* _EXERCISE DESCRIPTION_
Reproduce every line of the listing as written, apart from the pictures.

* _AVAILABLE DATA_
══════
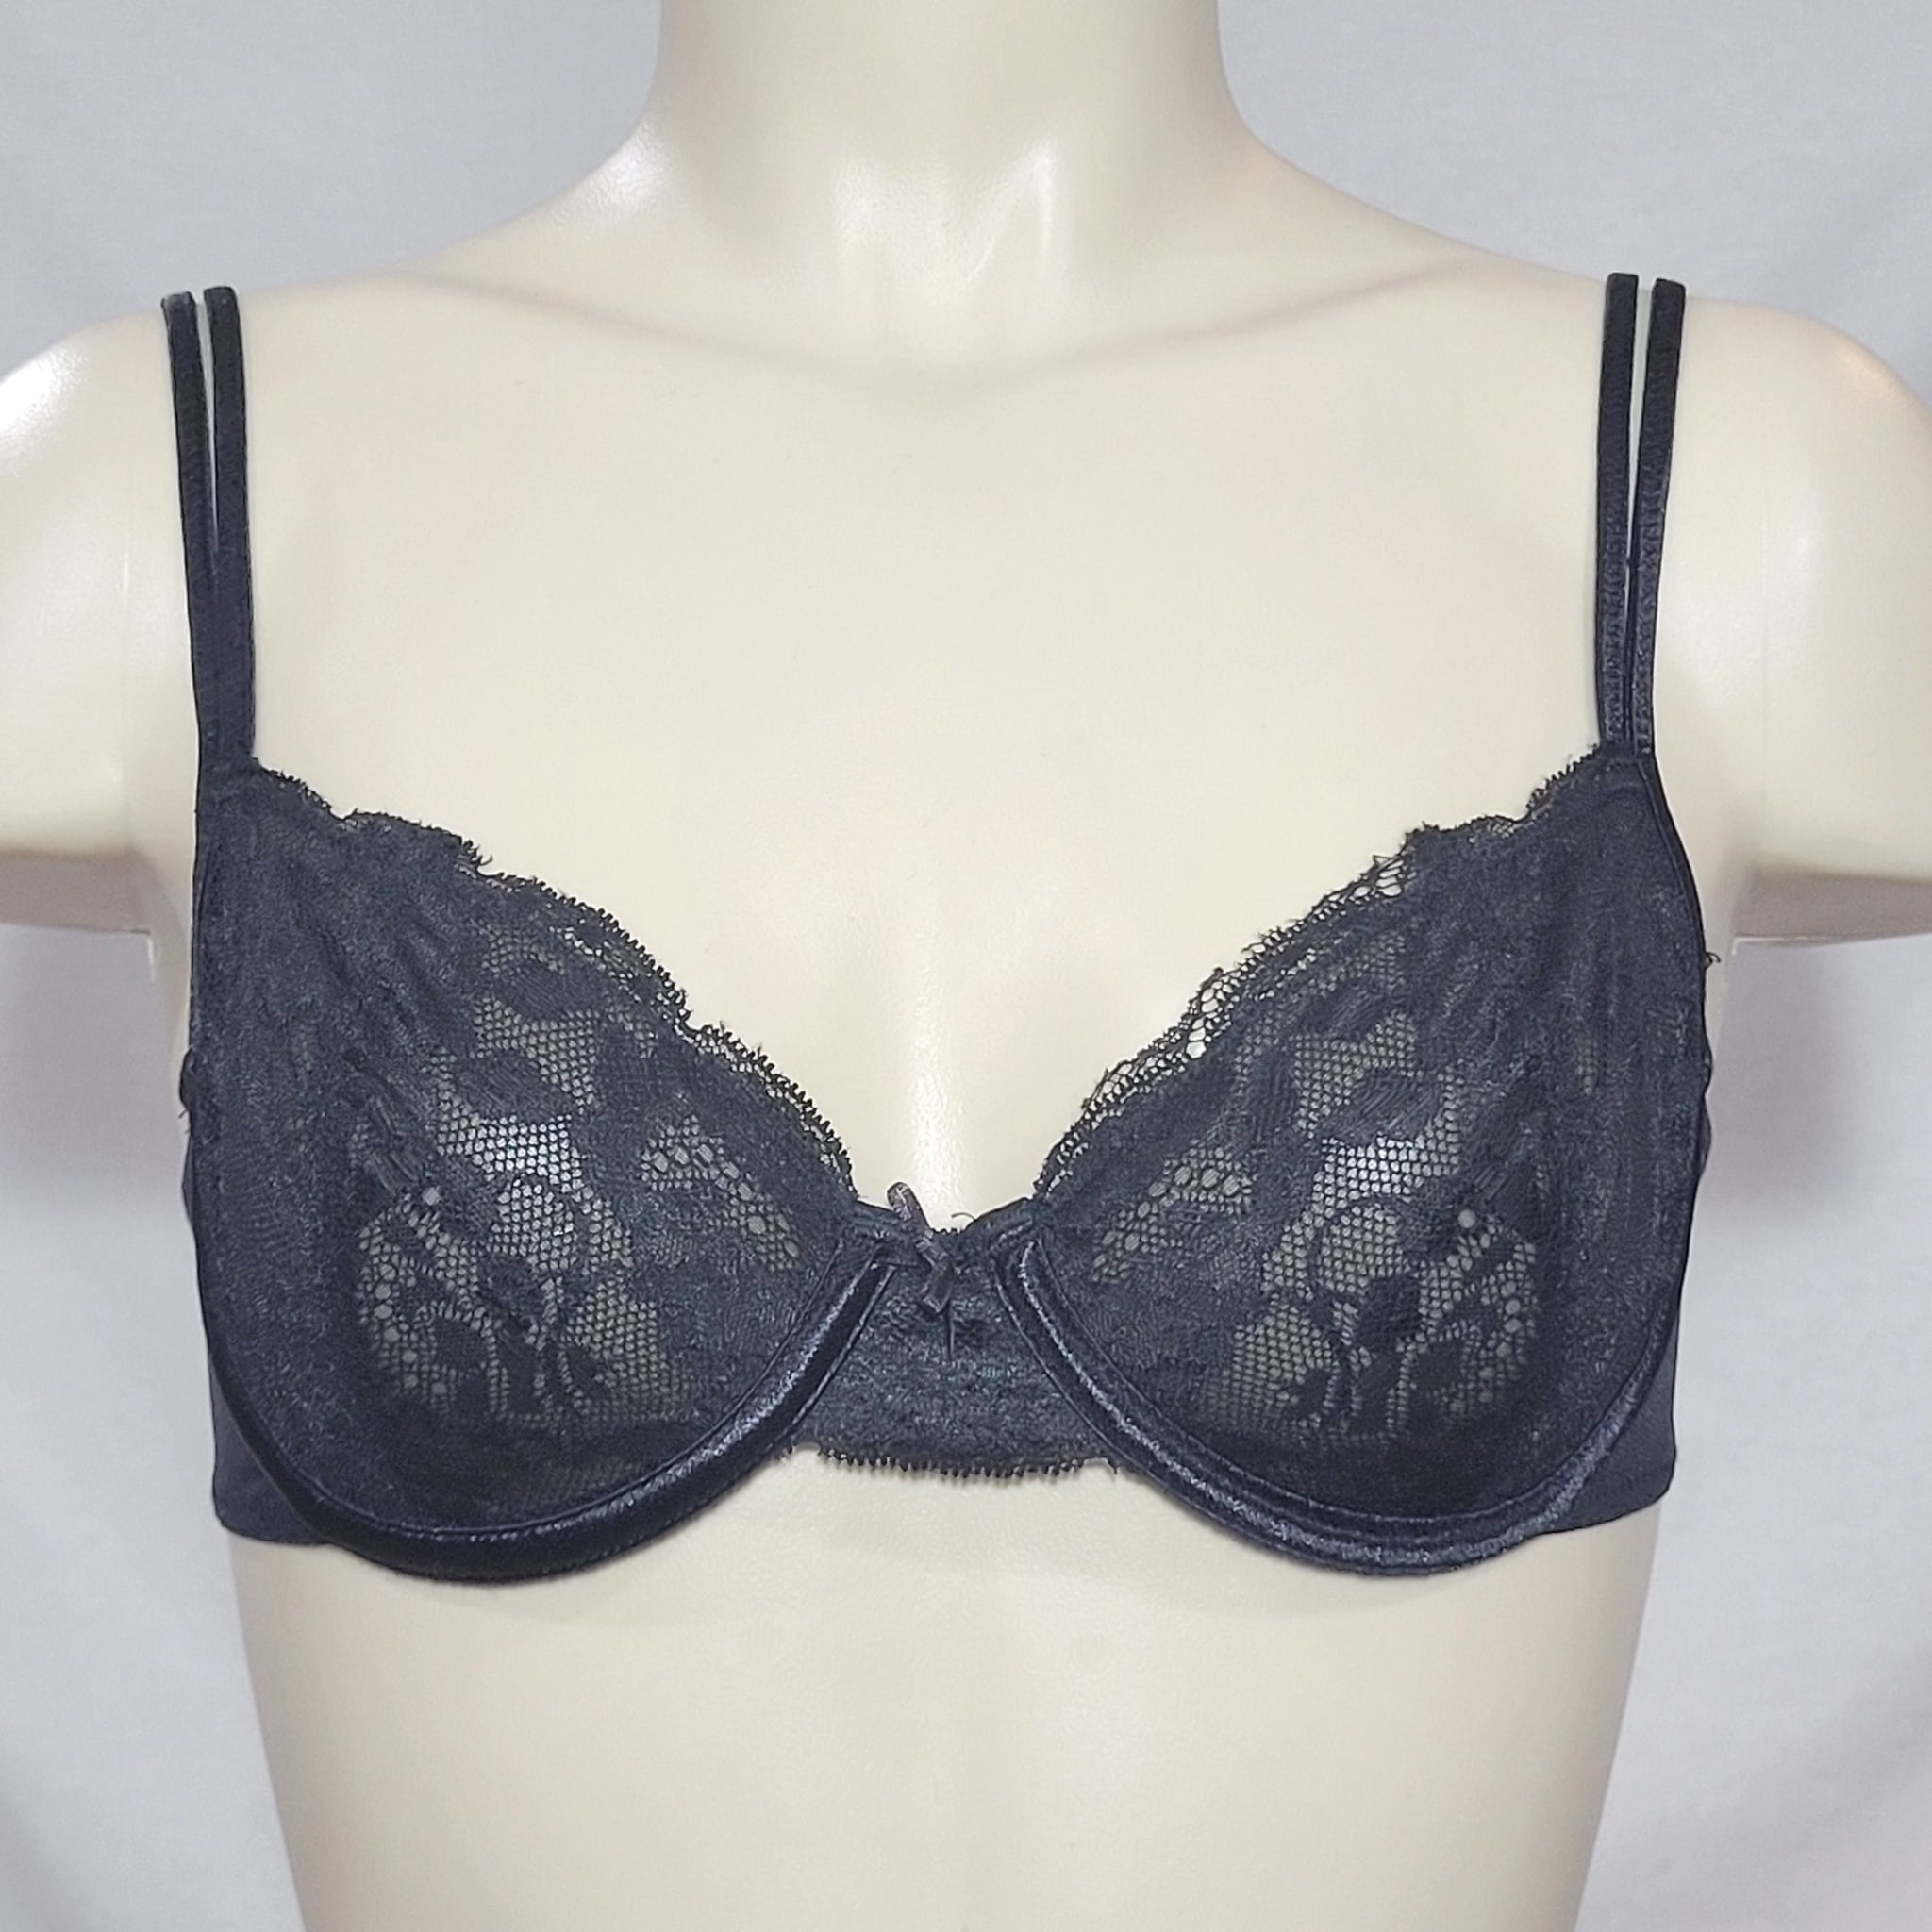 Lily of France 2101215 Sheer Lace and Mesh Underwire Bra 34B
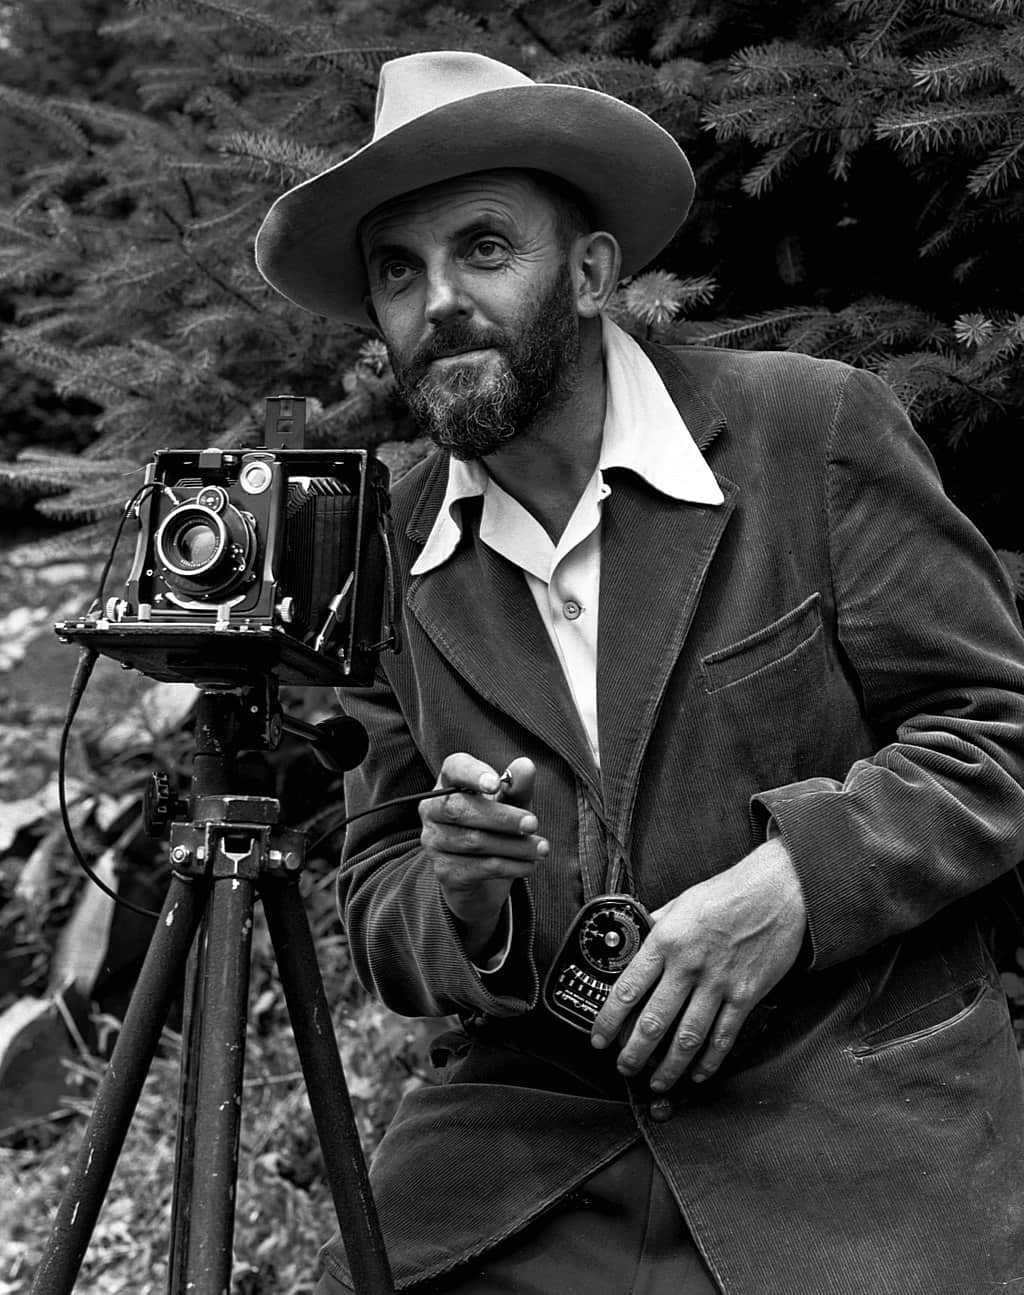 Famous photographer in history - Ansel Adams image 
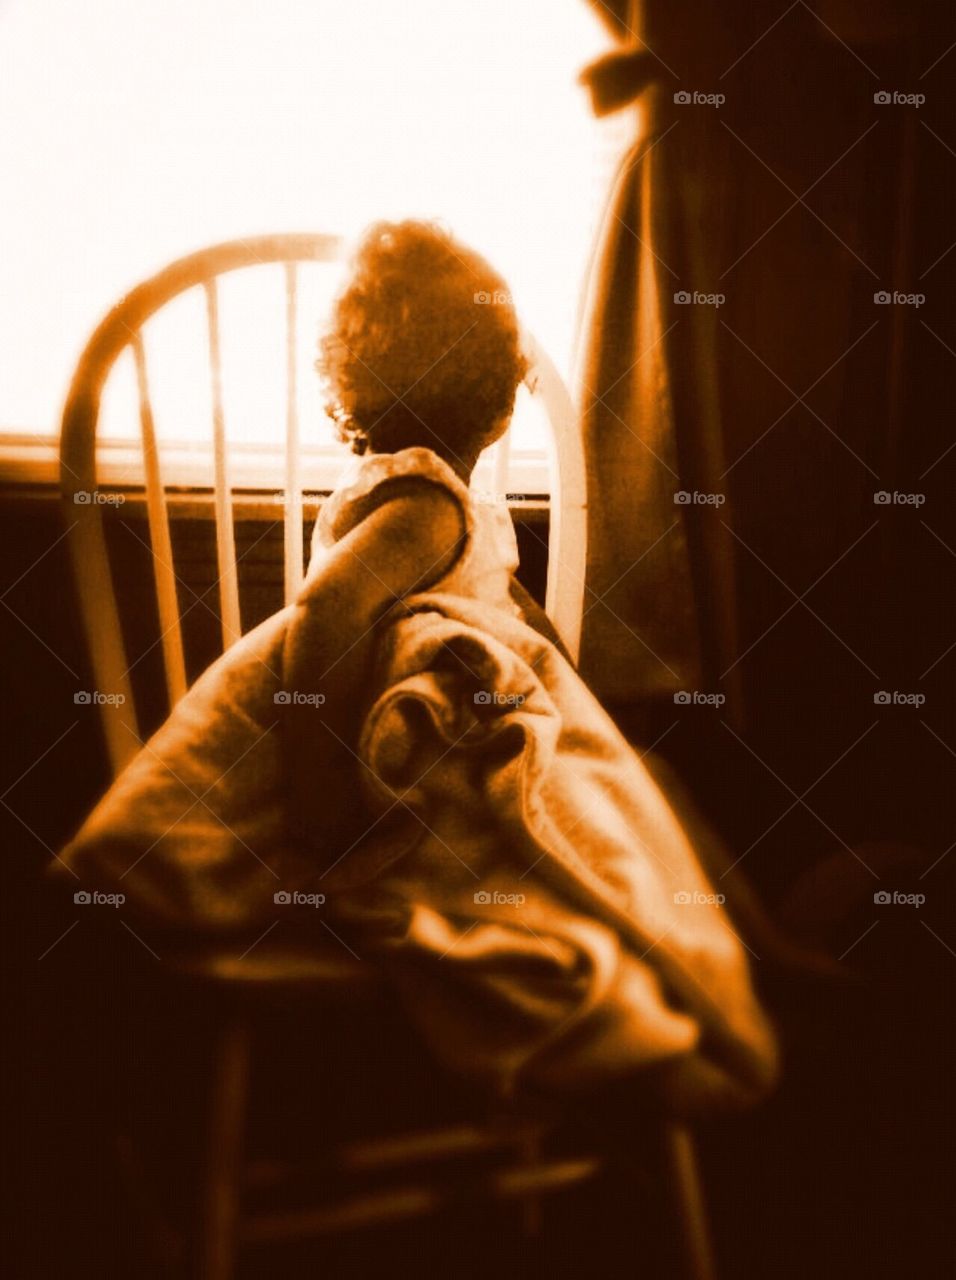 Daughter waiting for her daddy to return home
══════
* _WRITTEN RESPONSE_
 Lily of France 2101215 Sheer Lace and Mesh Underwire Bra 34B
 Famous photographer in history - Ansel Adams image 
 Daughter waiting for her daddy to return home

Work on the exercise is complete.